■ DATA BLOCK ■
------------------------
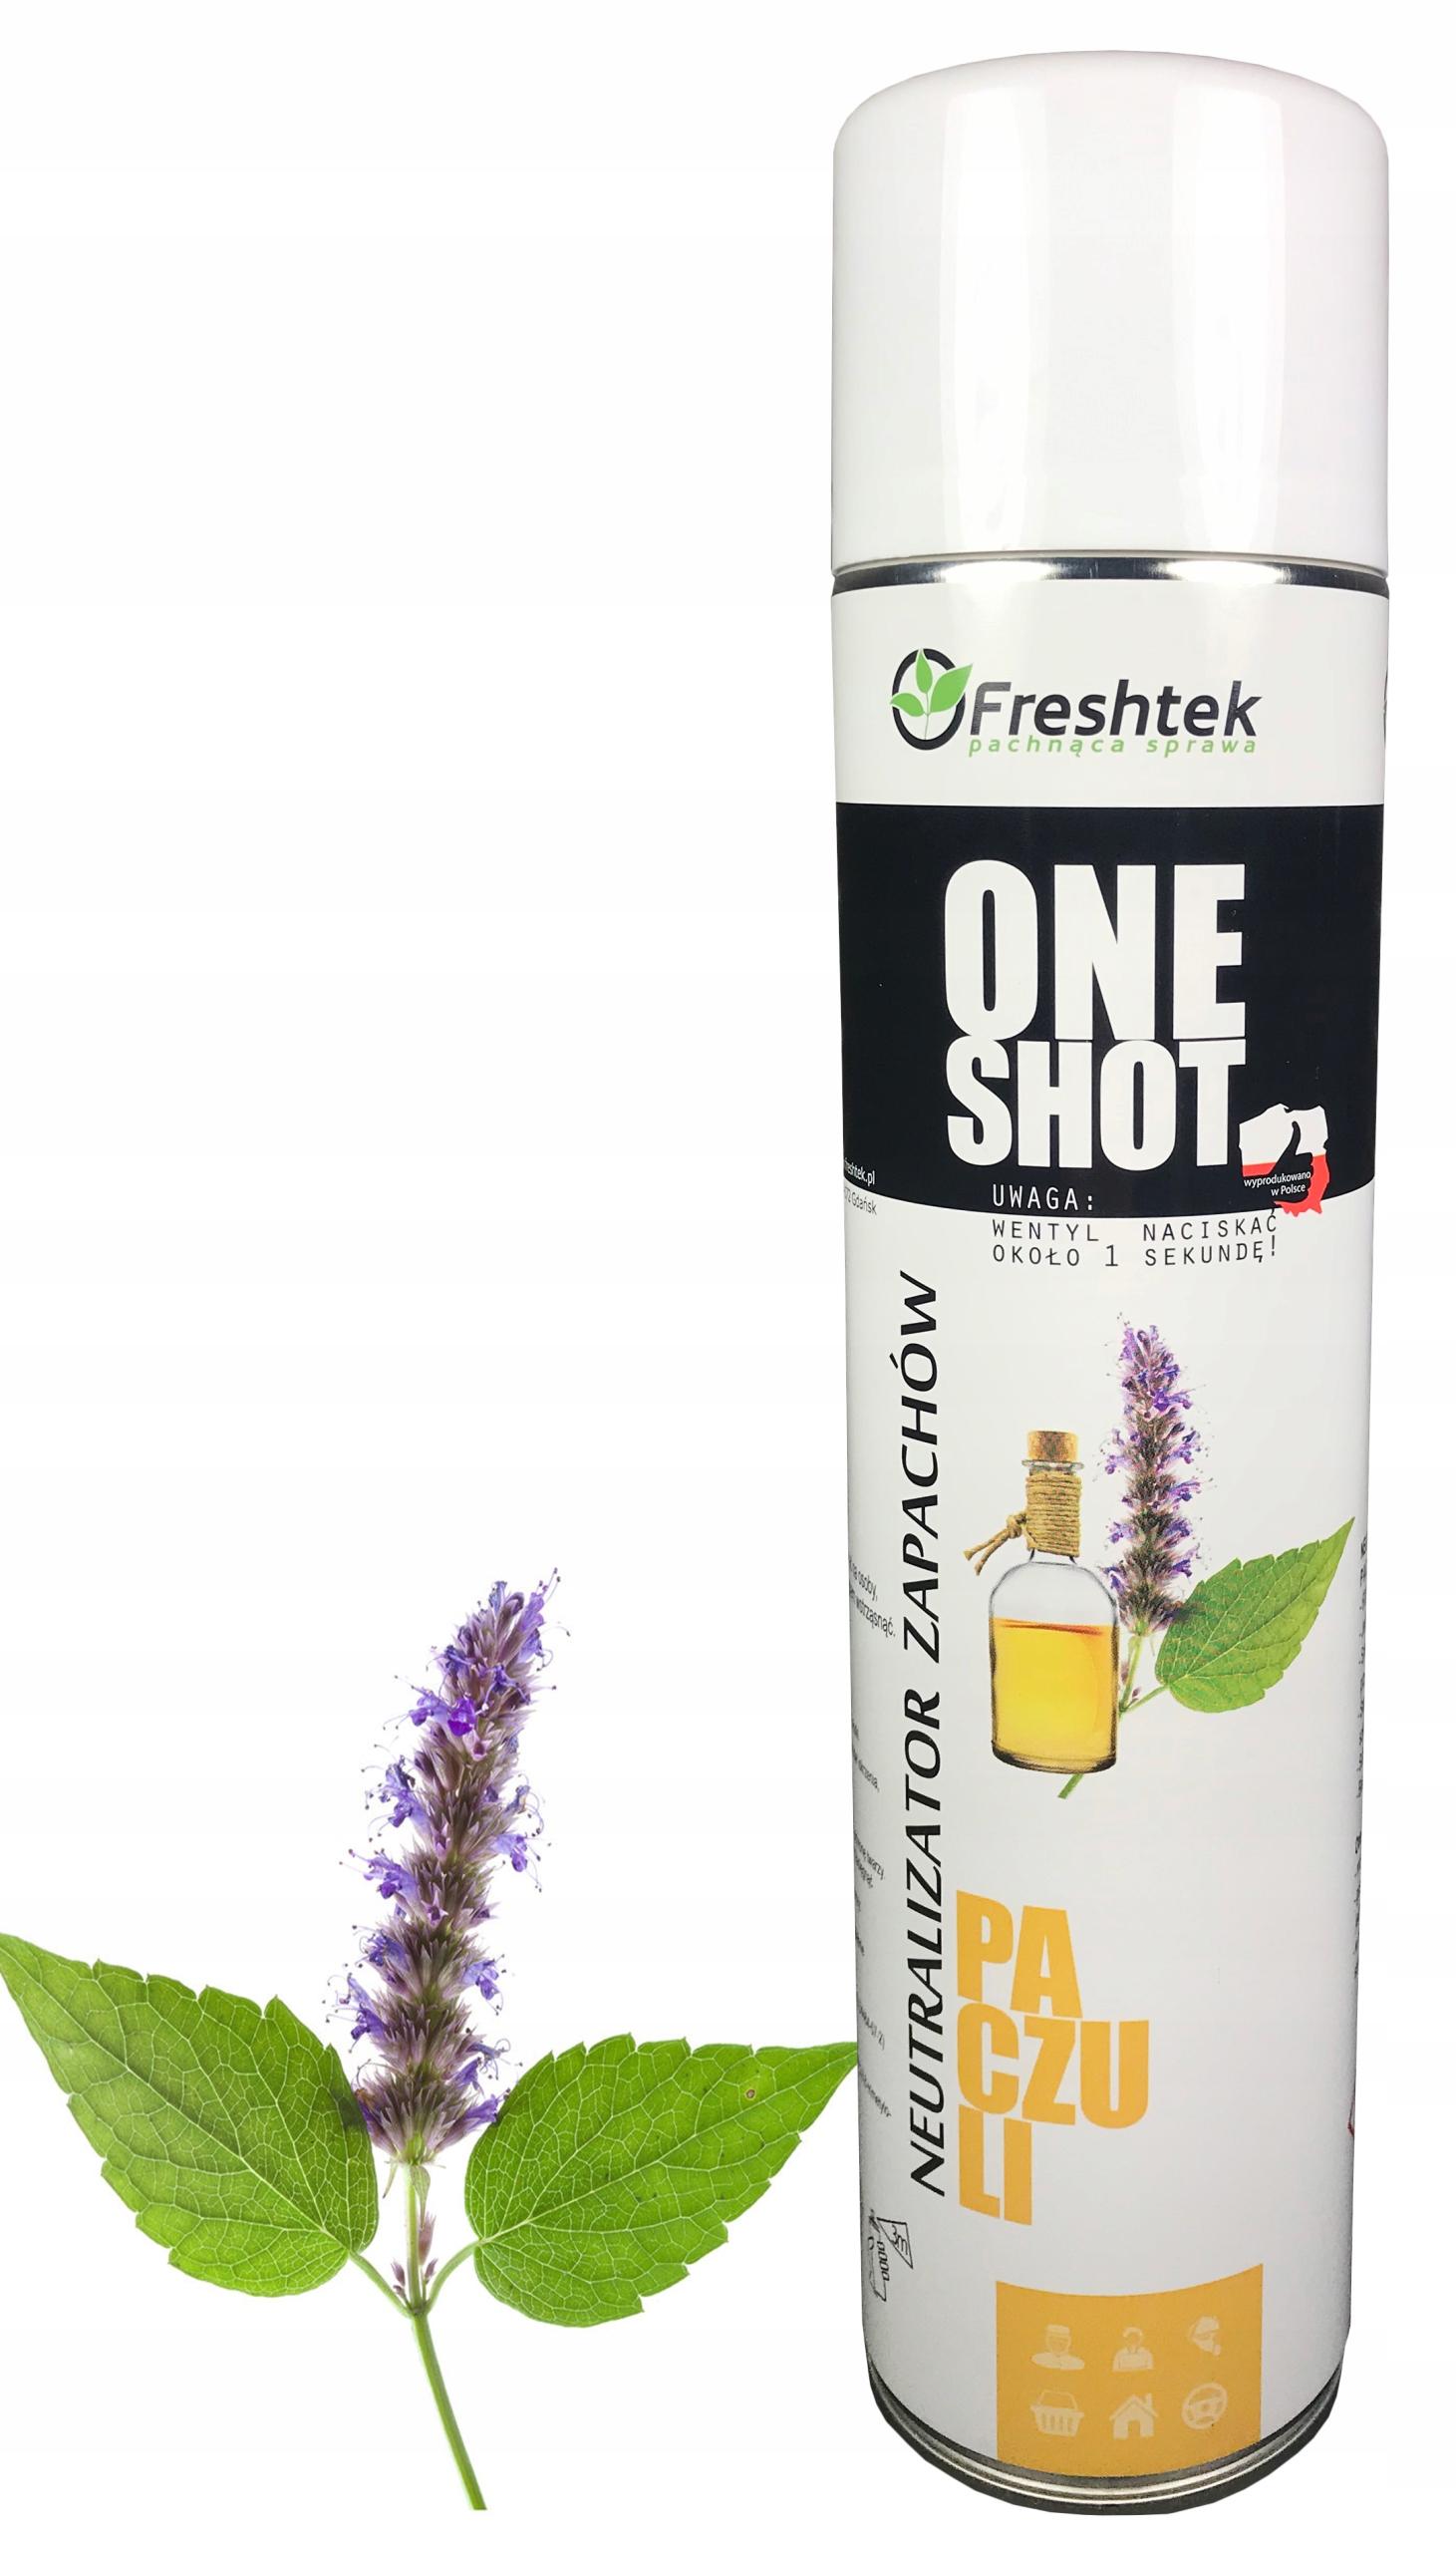 Neutralizator zapachów Freshtek ONE SHOT PACZULI
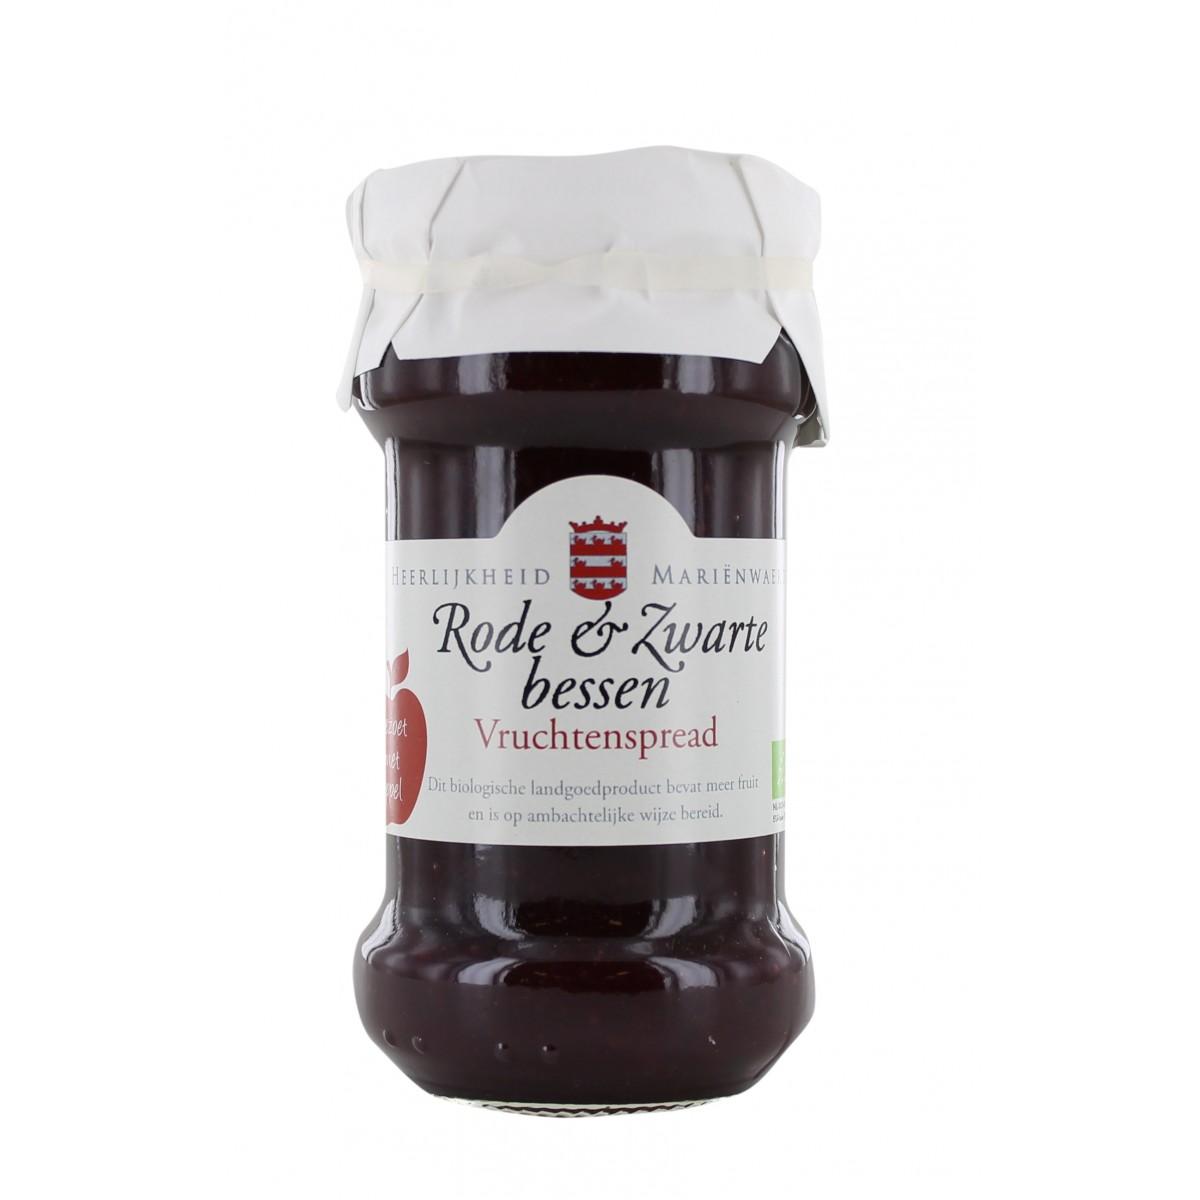 Vruchtenspread Rode & Zwarte Bessen
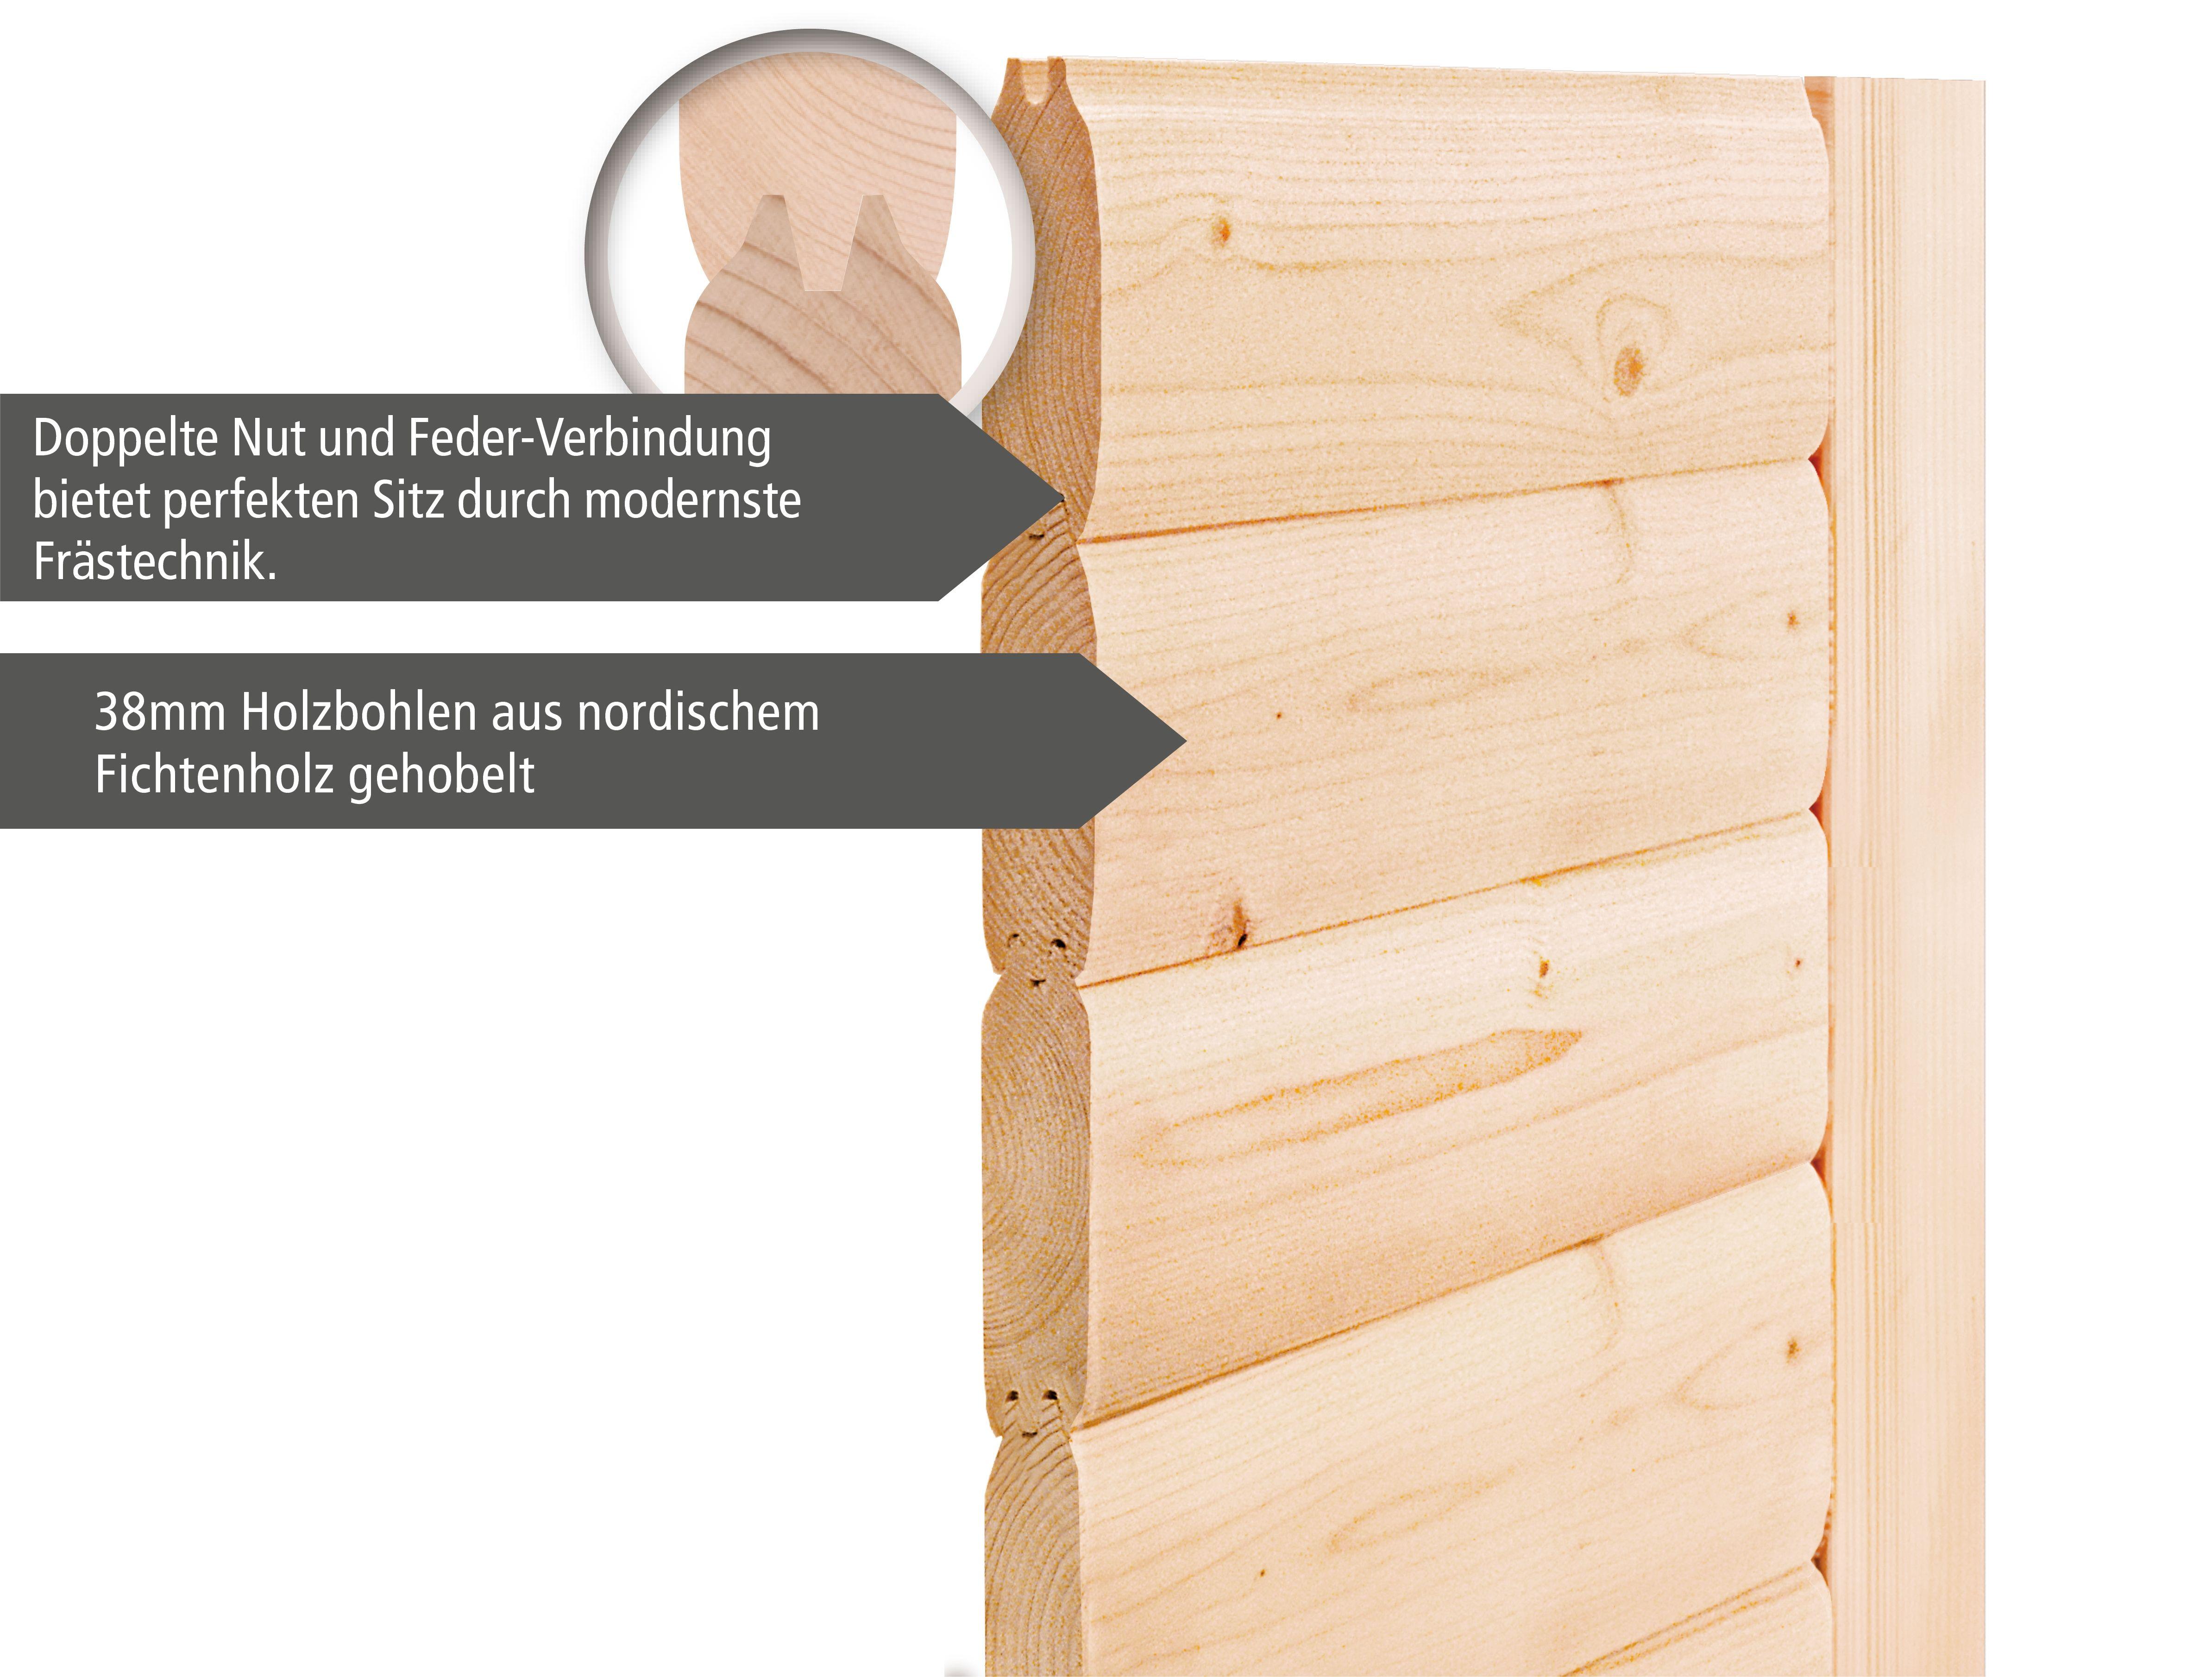 Woodfeeling Sauna Sandra 38mm Saunaofen 9 kW extern Bild 3
------------------------
■ WHAT THE EXERCISE ASKS ■
Each line above must be repeated exactly in the answer, with pictures omitted.

■ RESPONSE TO THIS EXERCISE ■
 Neutralizator zapachów Freshtek ONE SHOT PACZULI
 Vruchtenspread Rode & Zwarte Bessen
 Woodfeeling Sauna Sandra 38mm Saunaofen 9 kW extern Bild 3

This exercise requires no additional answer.